= What the exercise asks =
From the line that contains "Stampi Personalized Library" to the final line below, both included, print each line exactly and skip the pictures.

= Source material =
:::::
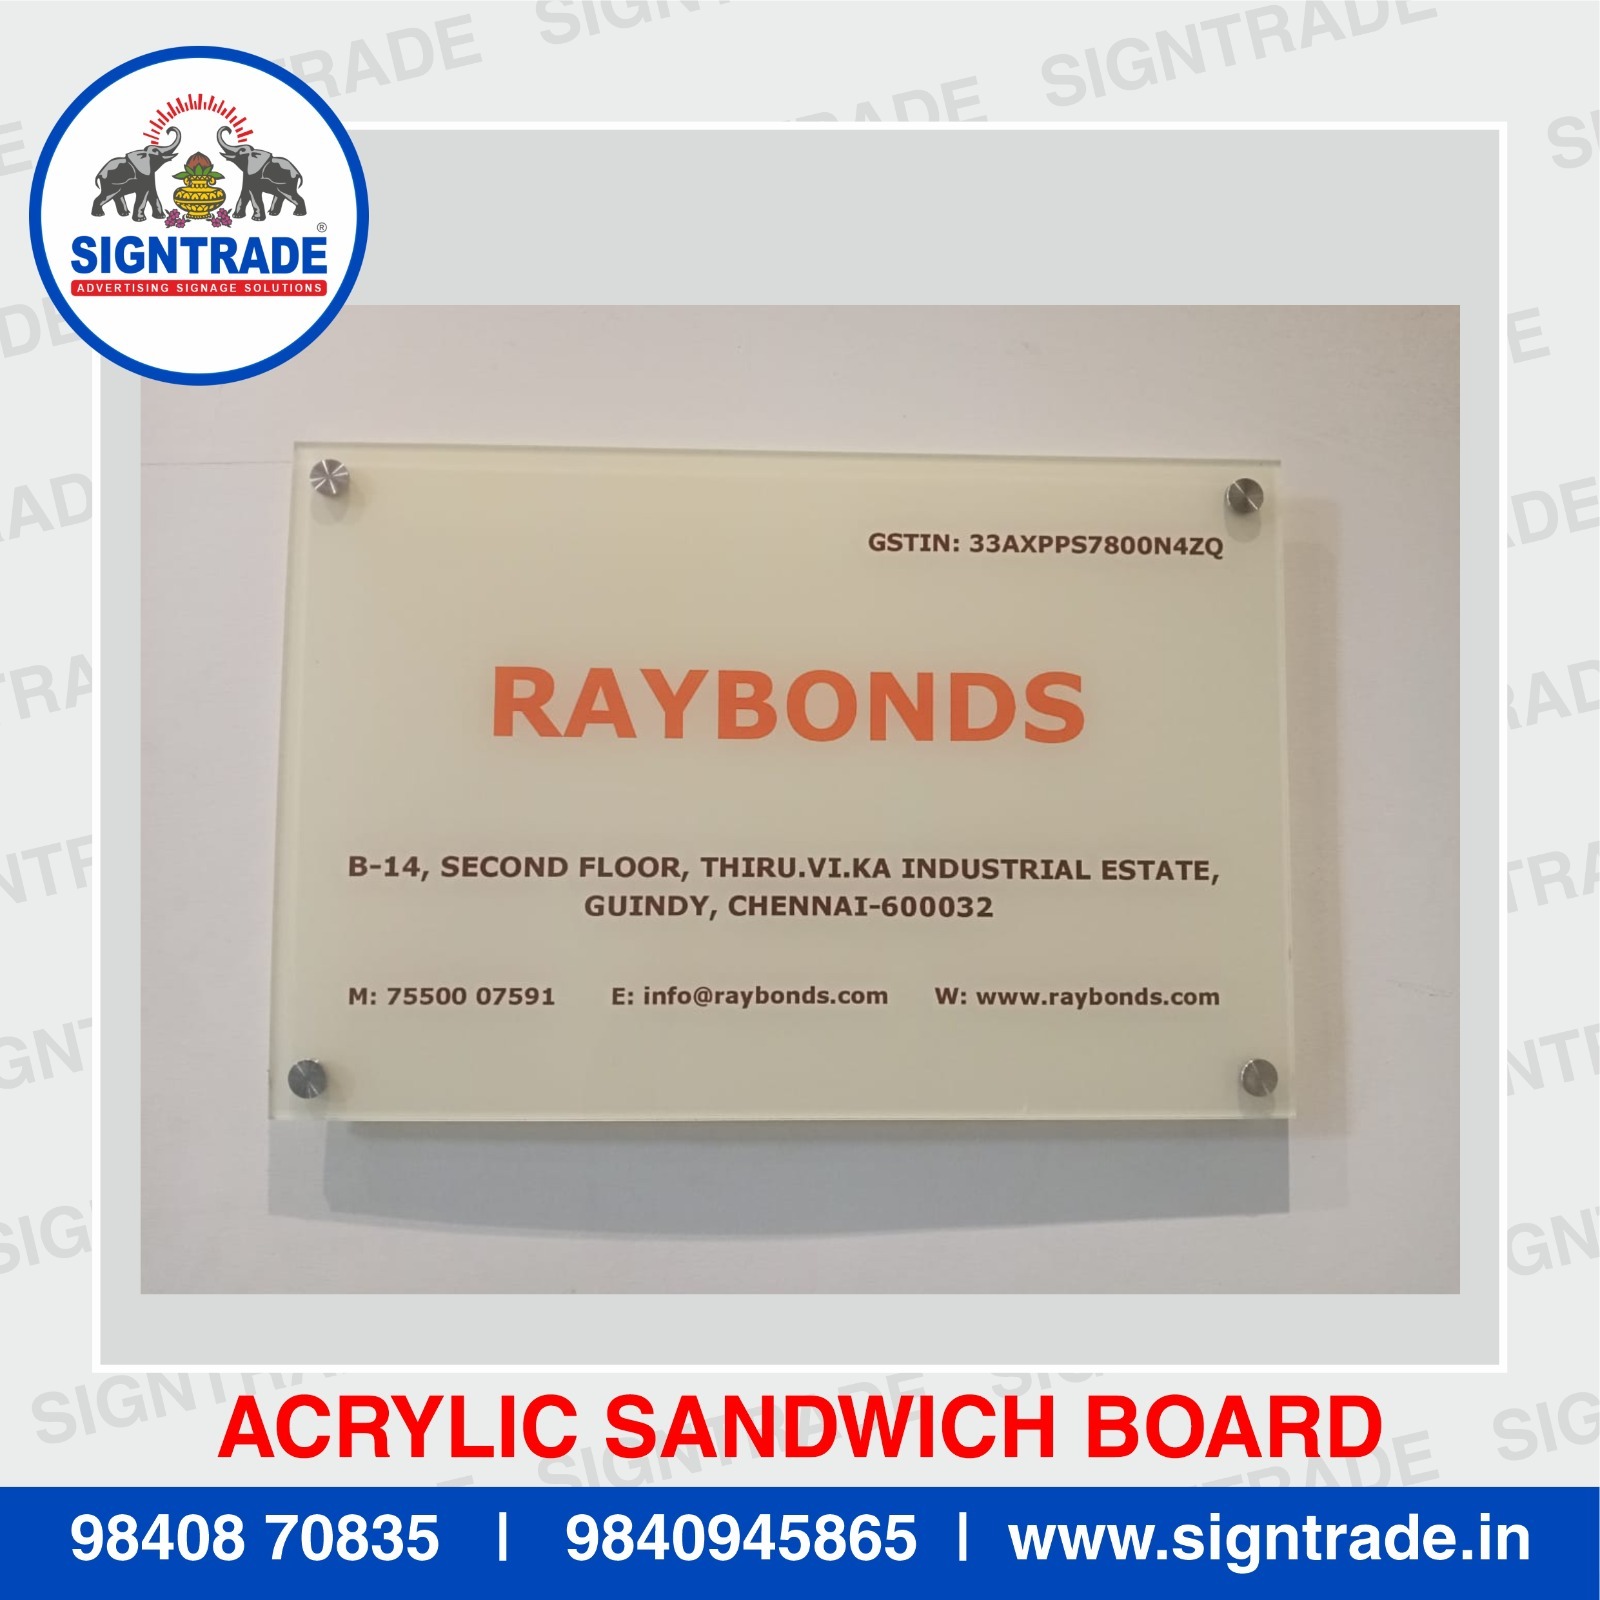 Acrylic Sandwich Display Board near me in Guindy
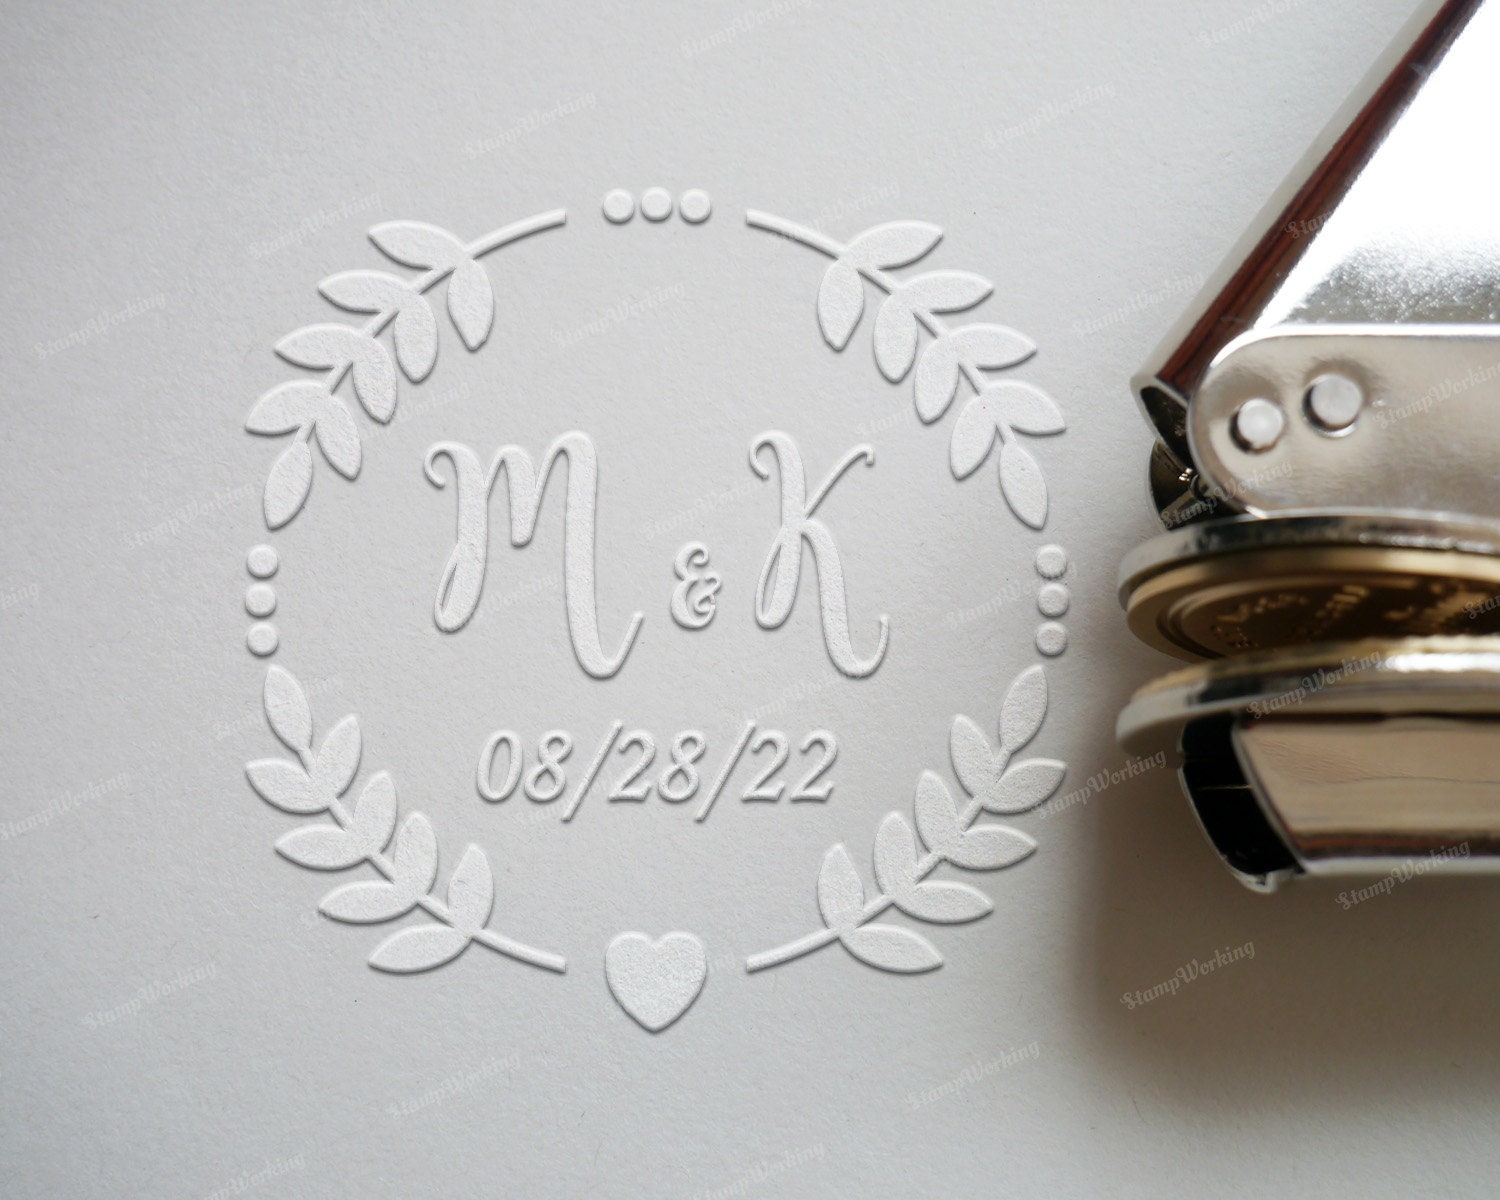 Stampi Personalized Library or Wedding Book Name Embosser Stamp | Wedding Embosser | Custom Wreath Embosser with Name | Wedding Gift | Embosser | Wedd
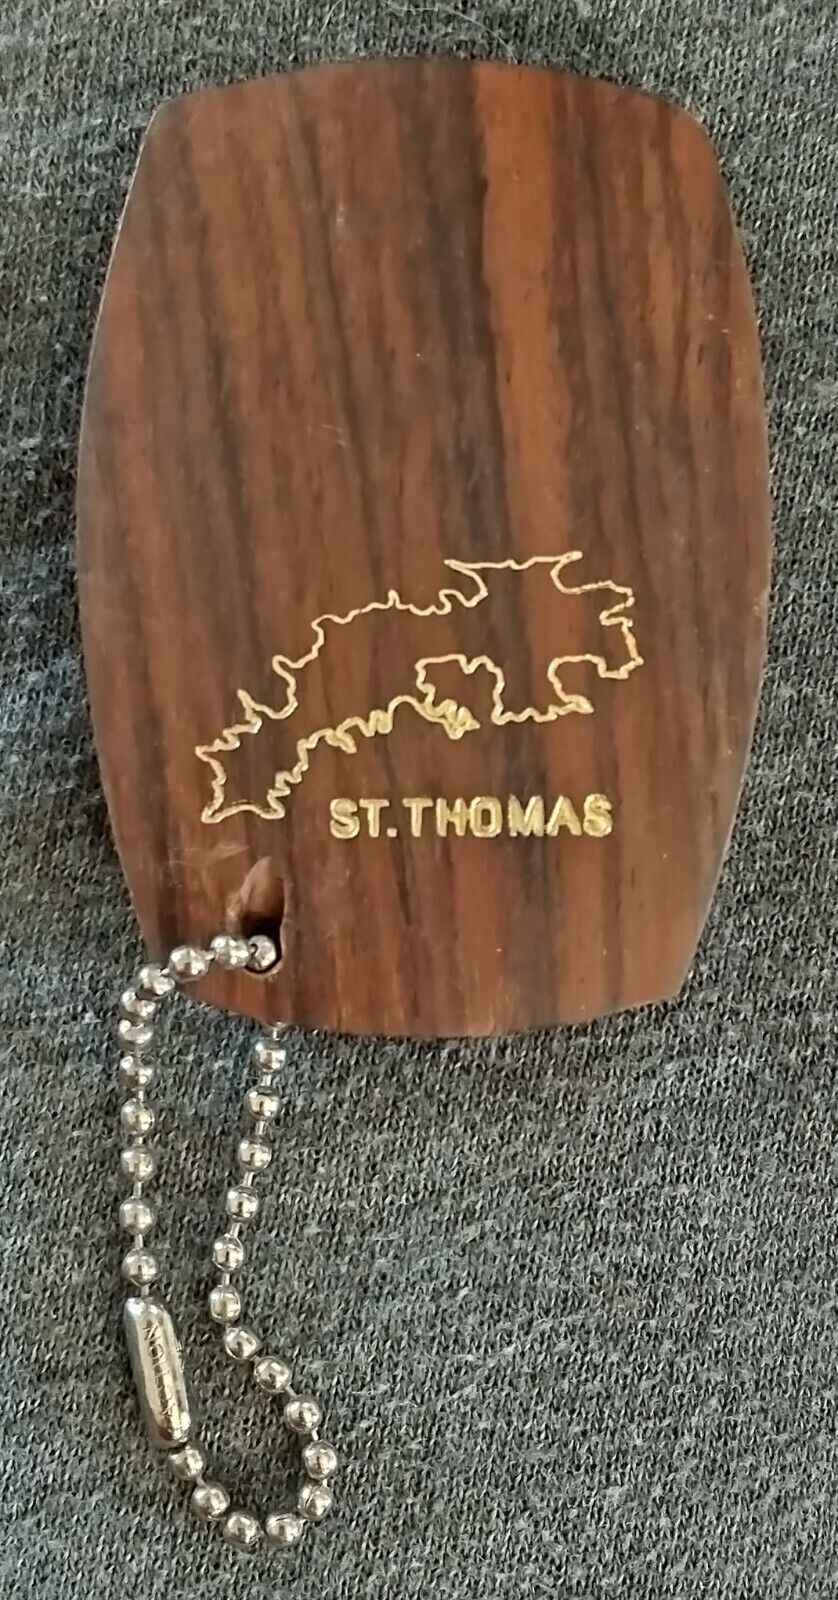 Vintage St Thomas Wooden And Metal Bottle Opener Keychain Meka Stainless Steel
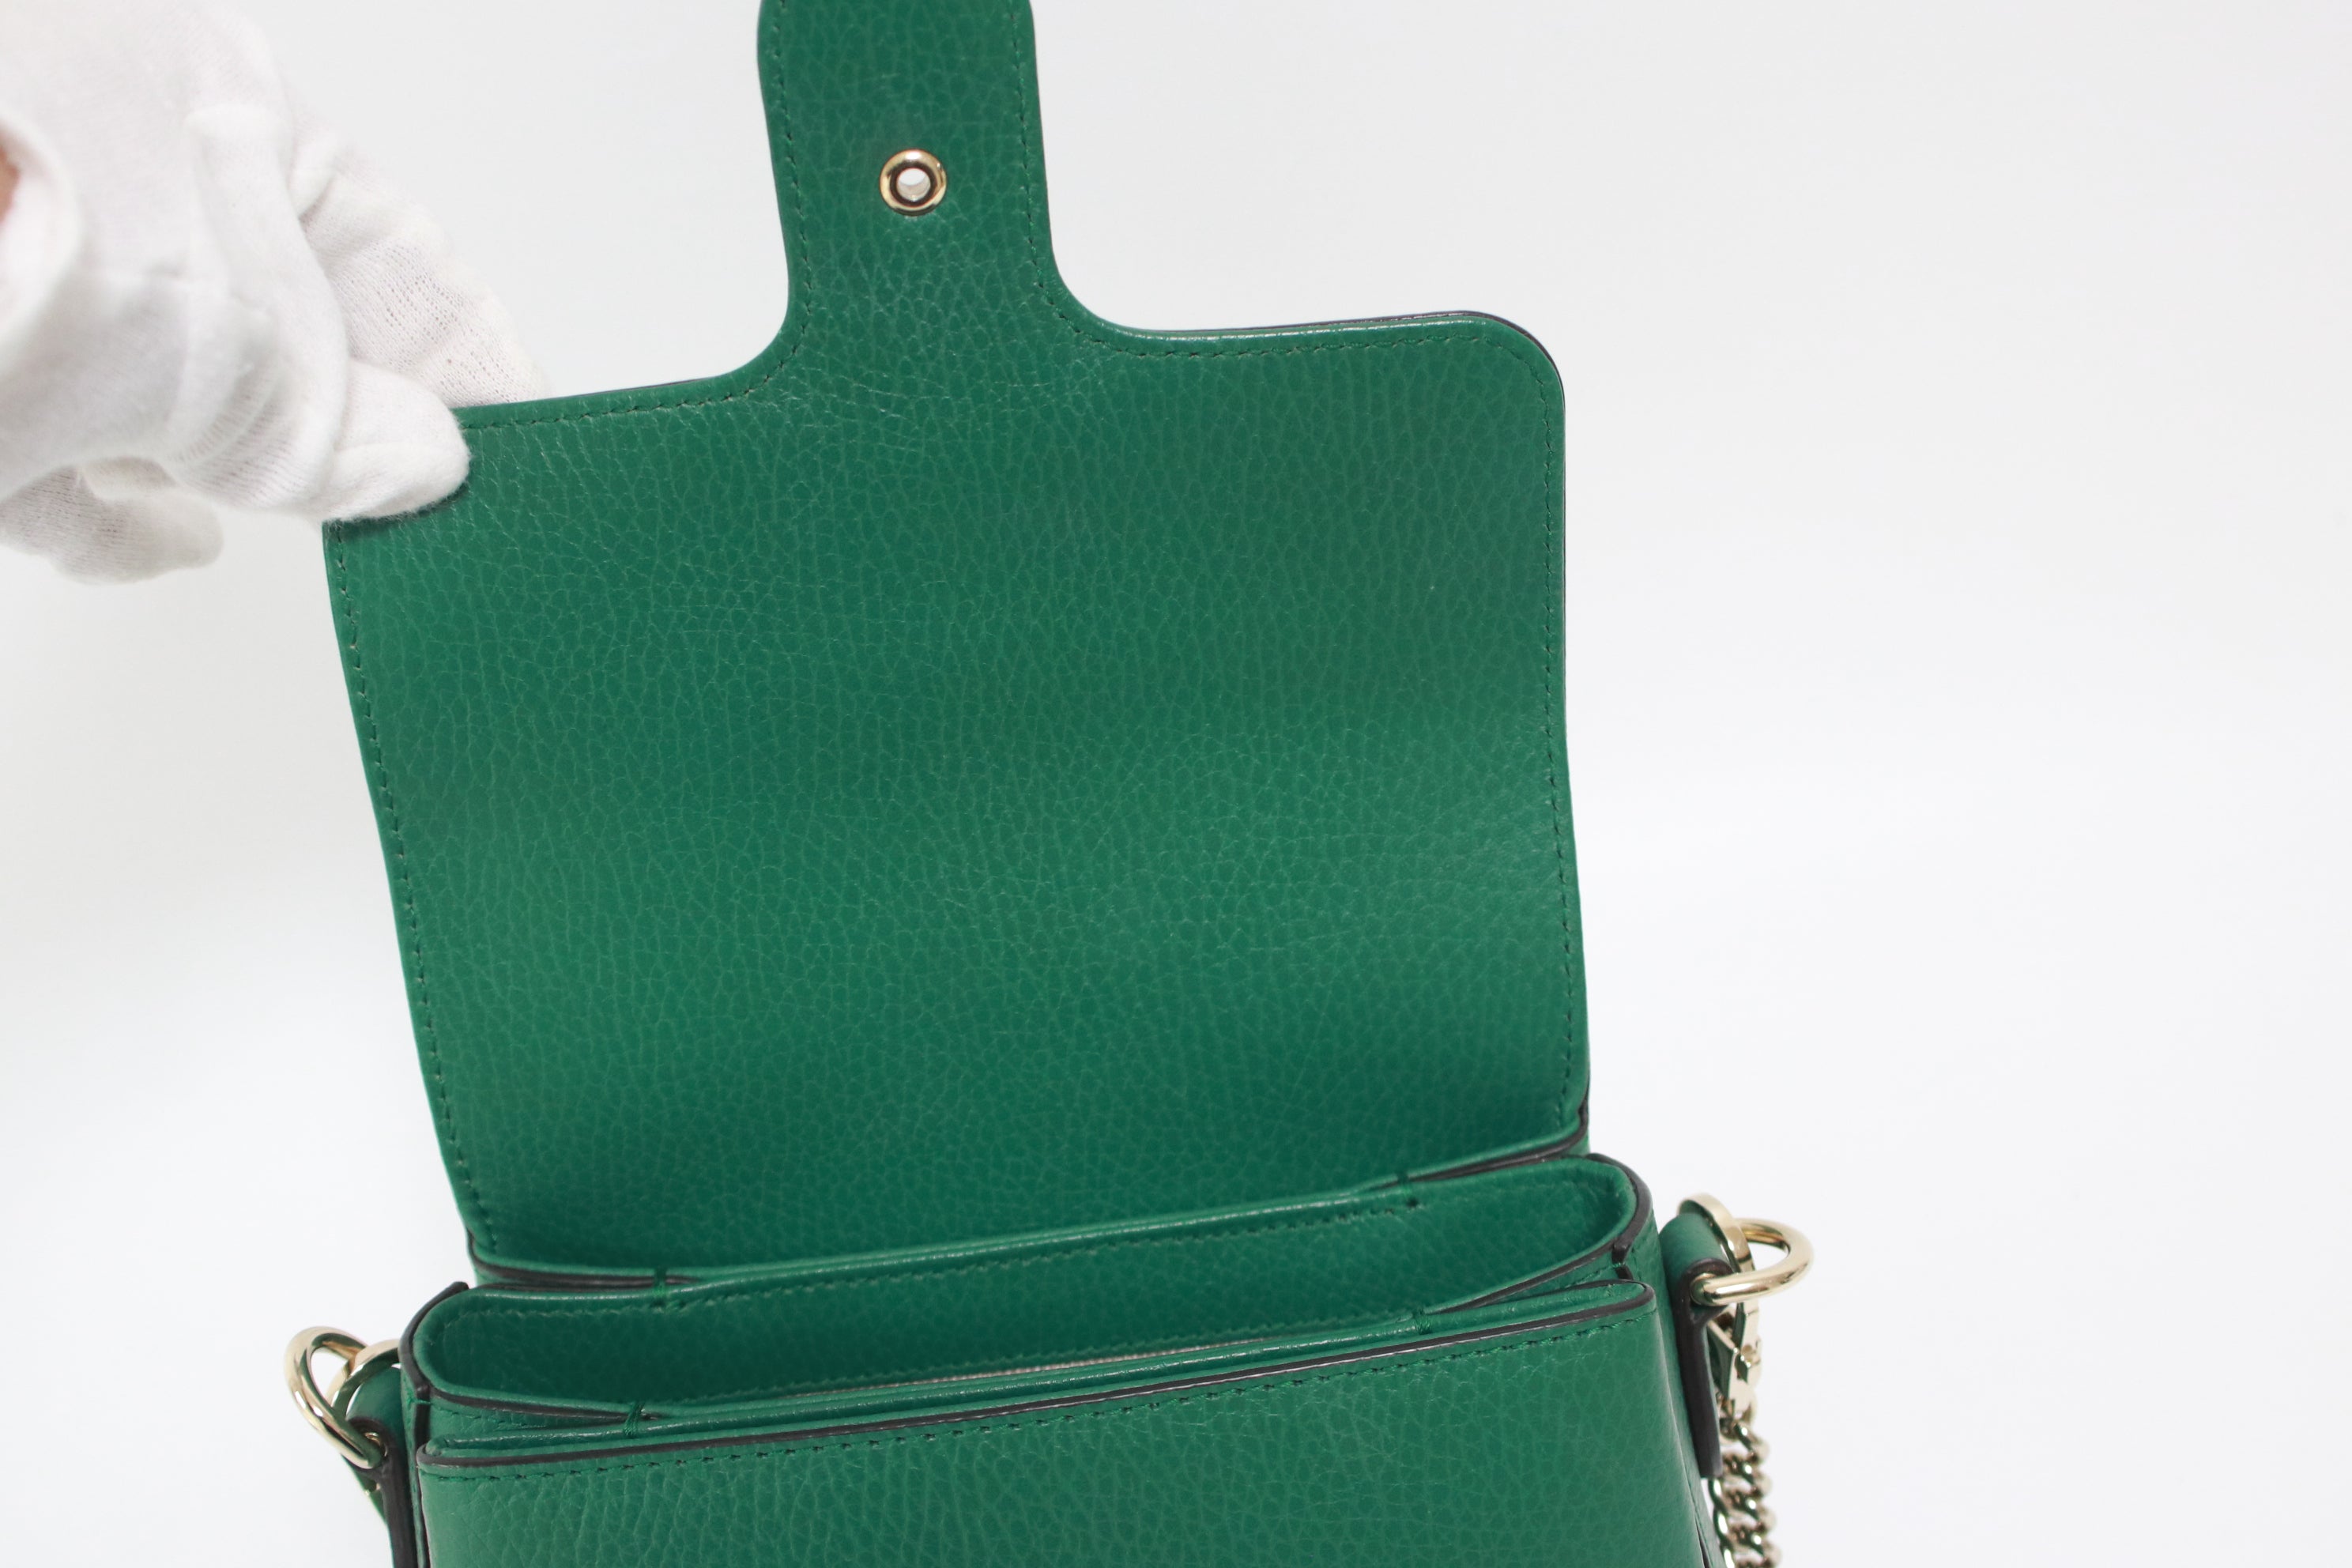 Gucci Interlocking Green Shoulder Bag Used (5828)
:::::
= Solution below =
 Stampi Personalized Library or Wedding Book Name Embosser Stamp | Wedding Embosser | Custom Wreath Embosser with Name | Wedding Gift | Embosser | Wedd
 Vintage St Thomas Wooden And Metal Bottle Opener Keychain Meka Stainless Steel
 Gucci Interlocking Green Shoulder Bag Used (5828)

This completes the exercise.